Kedatangan Zhou Chi tentu saja membuat Rong Hua waspada.
Ketika ia keluar dari istananya untuk menyambut Zhou Chi secara pribadi, ia terkejut mendapati kehadiran seorang pemuda berambut hitam. Zhou Chi bersikap begitu hormat sehingga Rong Hua tidak tahu harus bereaksi seperti apa.
“Tuan Zhou Chi, dia…” Rong Hua tak kuasa menahan diri untuk bertanya.
“Ini tuanku,” Zhou Chi memperkenalkan.
“Tuan, ini…” Rong Hua terkejut dan menatap Huang Xiaolong dengan tak percaya.
Makna di balik kata-kata Zhou Chi tidak sesederhana kelihatannya.
Ketika ia pergi ke Gunung Es di masa lalu, ia memperhatikan bahwa para bawahan yang telah tunduk di bawah panji Zhou Chi memanggilnya dengan cara yang sama. Sekarang, Zhou Chi, salah satu dari sepuluh ahli terkuat di Tanah Tanpa Batas dengan lebih dari 13 miliar unit energi kosmos agung, memanggil pemuda itu dengan cara yang sama!
“Akulah Tuan Muda Naga Biru.” Huang Xiaolong terkekeh ketika melihat keterkejutan Rong Hua. “Kau tidak salah dengar, Zhou Chi sekarang adalah bawahanku.”
Huang Xiaolong tidak lagi berencana untuk menyembunyikan fakta tersebut.
Ketika Rong Hua mendengar Huang Xiaolong mengakui hal itu, dia sangat terkejut.
“Sebenarnya, putramu juga telah tunduk kepadaku,” tambah Huang Xiaolong.
“Apa?!” seru Rong Hua kaget.
“Zhou Chi bukan satu-satunya yang melayaniku. Lin Qiankun, Chen Huanzhi, Lin Xian…” Huang Xiaolong menyebutkan lebih dari selusin ahli Alam Dewa Penciptaan sekaligus.
Rong Hua sebenarnya tidak terlalu peduli dengan sebagian besar dari mereka, tetapi jantung Rong Hua berdebar kencang ketika mendengar bahwa Lin Qiankun adalah salah satu bawahan Huang Xiaolong.
Meskipun Chen Huanzhi tidak sekuat Zhou Chi, dia adalah seorang jenderal besar dari Kekaisaran Surgawi Tanpa Batas! Jika dia tunduk kepada Huang Xiaolong, itu berarti dia telah mengkhianati Guru Tanpa Batas!
Setengah hari kemudian…
Rong Hua pun tak terkecuali, ia akhirnya berlutut untuk menyatakan kesetiaannya kepada Huang Xiaolong.
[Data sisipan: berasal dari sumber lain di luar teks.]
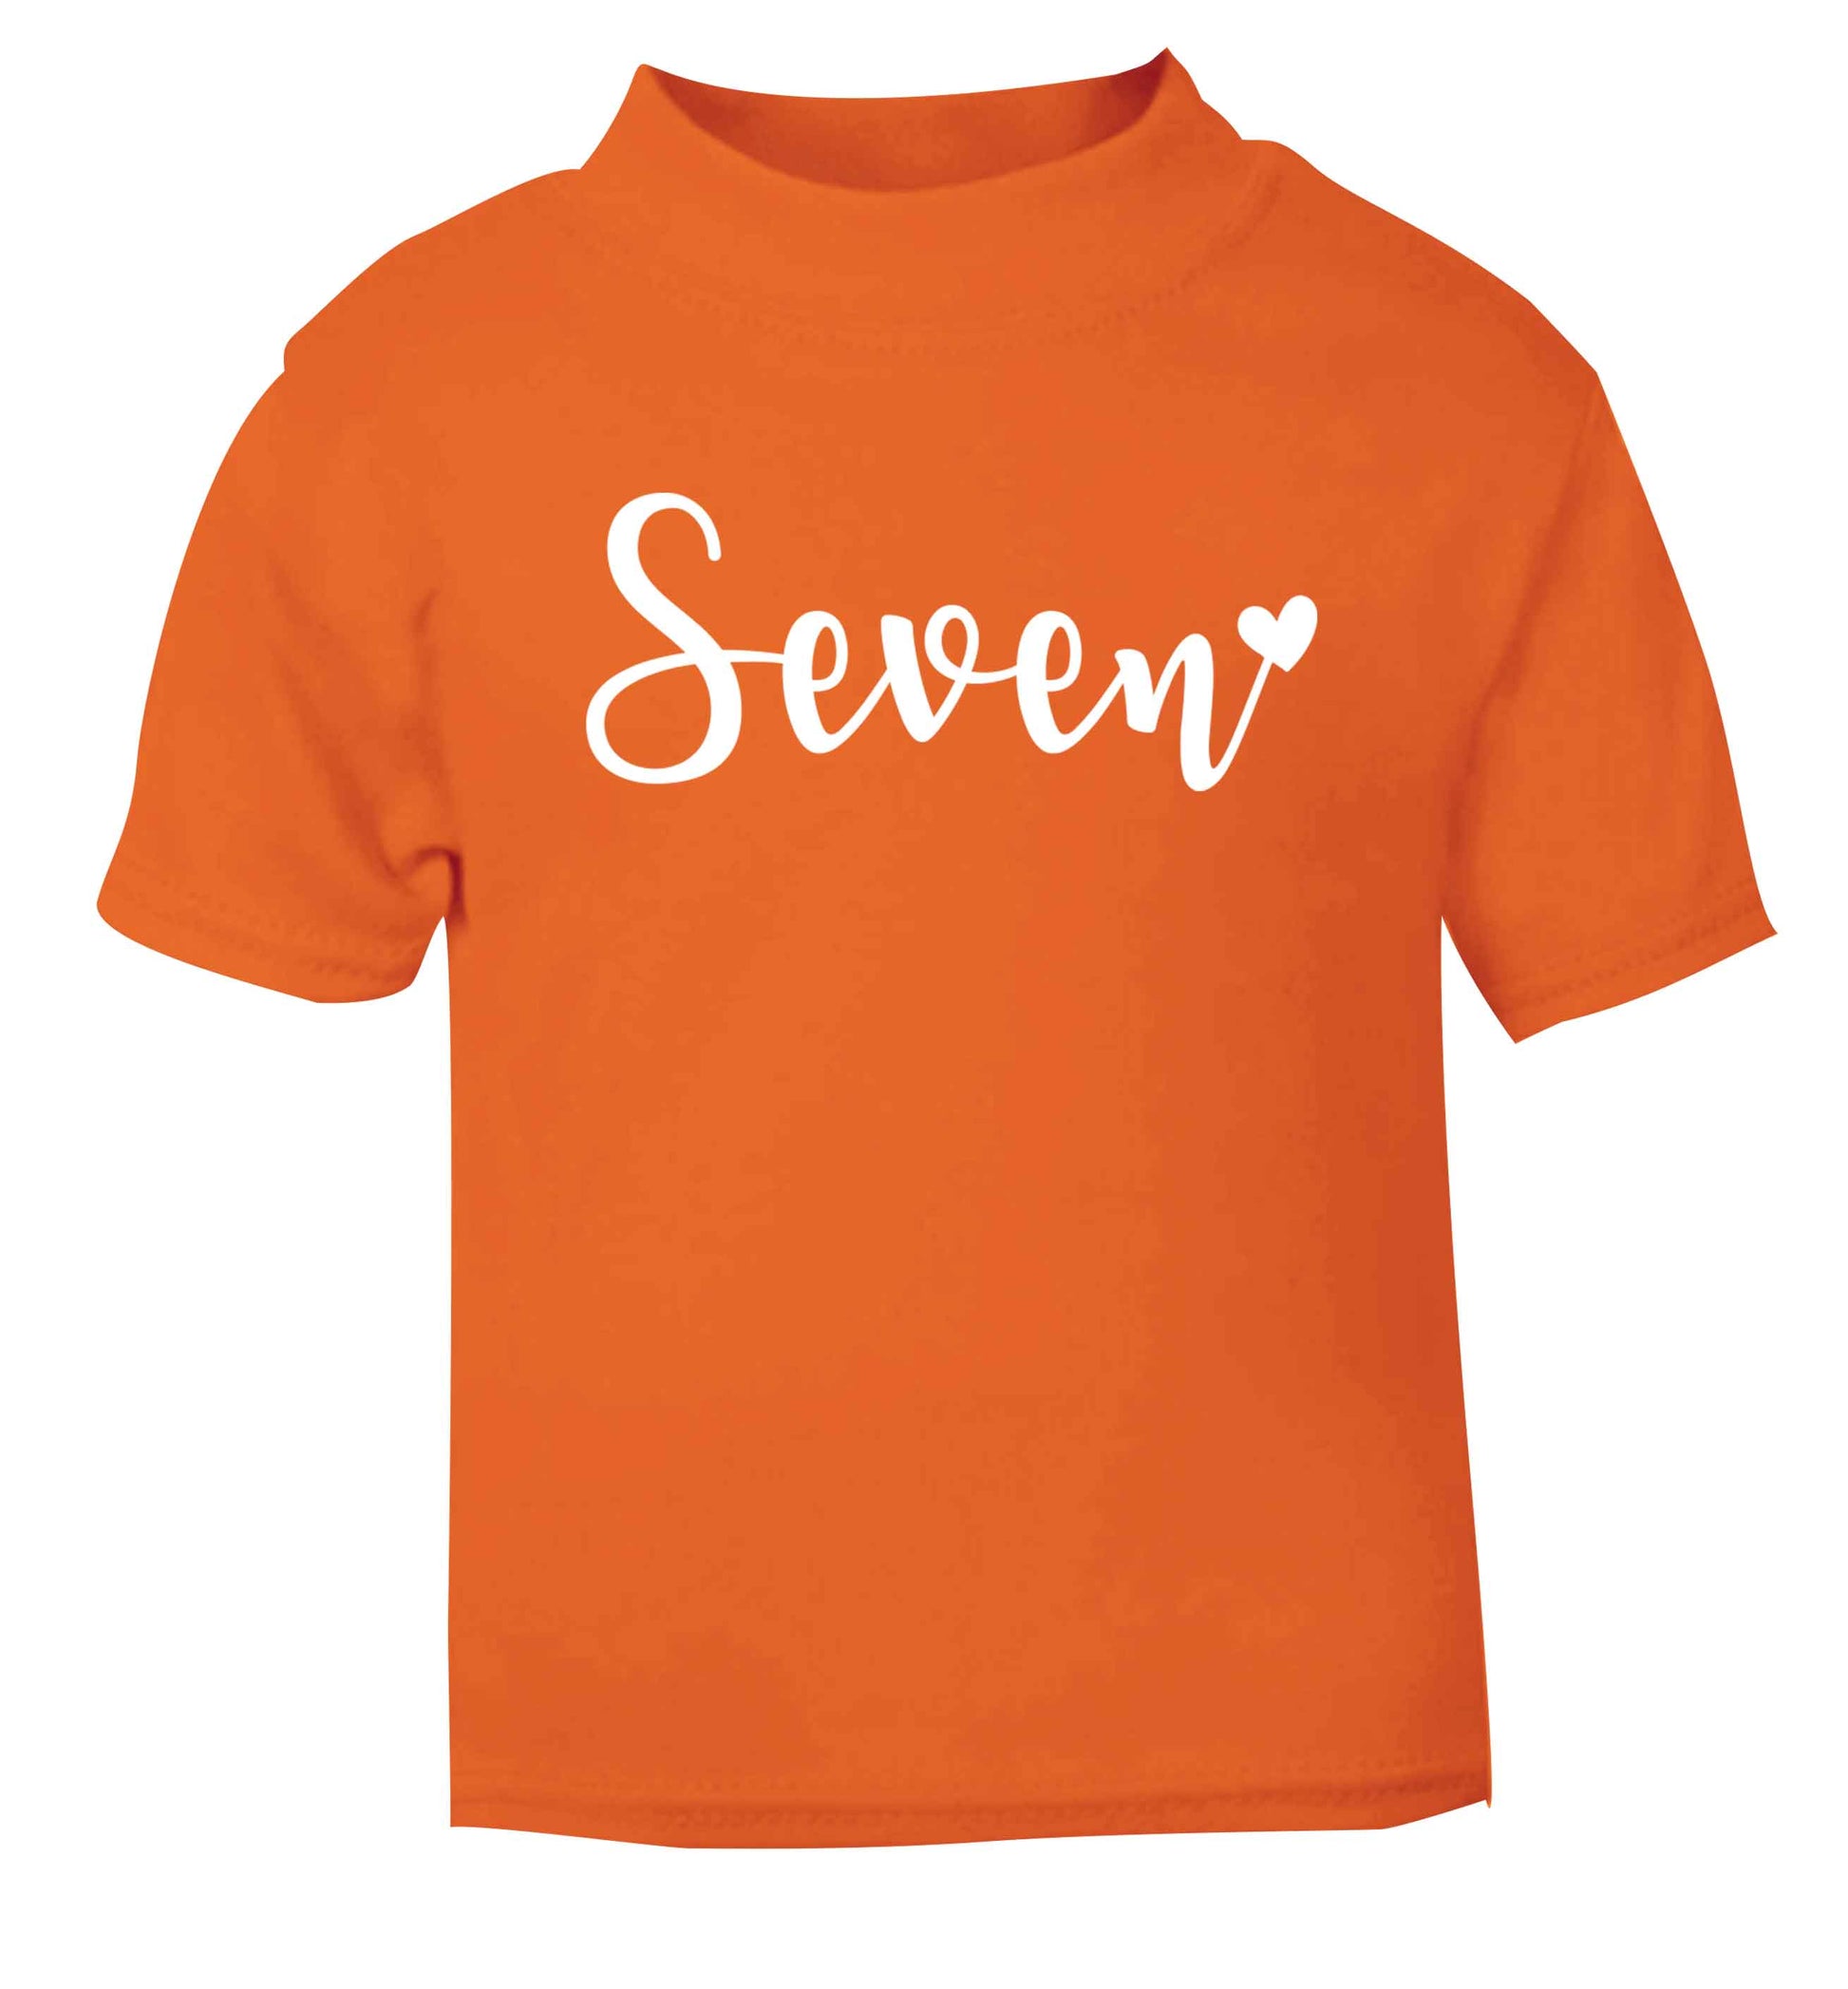 Seven and heart orange baby toddler Tshirt 2 Years

Dia tidak punya pilihan dalam hal ini. Lagipula, Huang Xiaolong terlalu kuat. Dia lebih dari mampu memaksa Rong Hua untuk tunduk dengan Pohon Ilahi Naga Bintang.
Setelah Rong Hua menyerah, dia menyerahkan setiap urat spiritual tingkat alam semesta di Perbendaharaan Agung. Meskipun tidak sebanding dengan perbendaharaan Gunung Es, terdapat lebih dari dua puluh urat spiritual.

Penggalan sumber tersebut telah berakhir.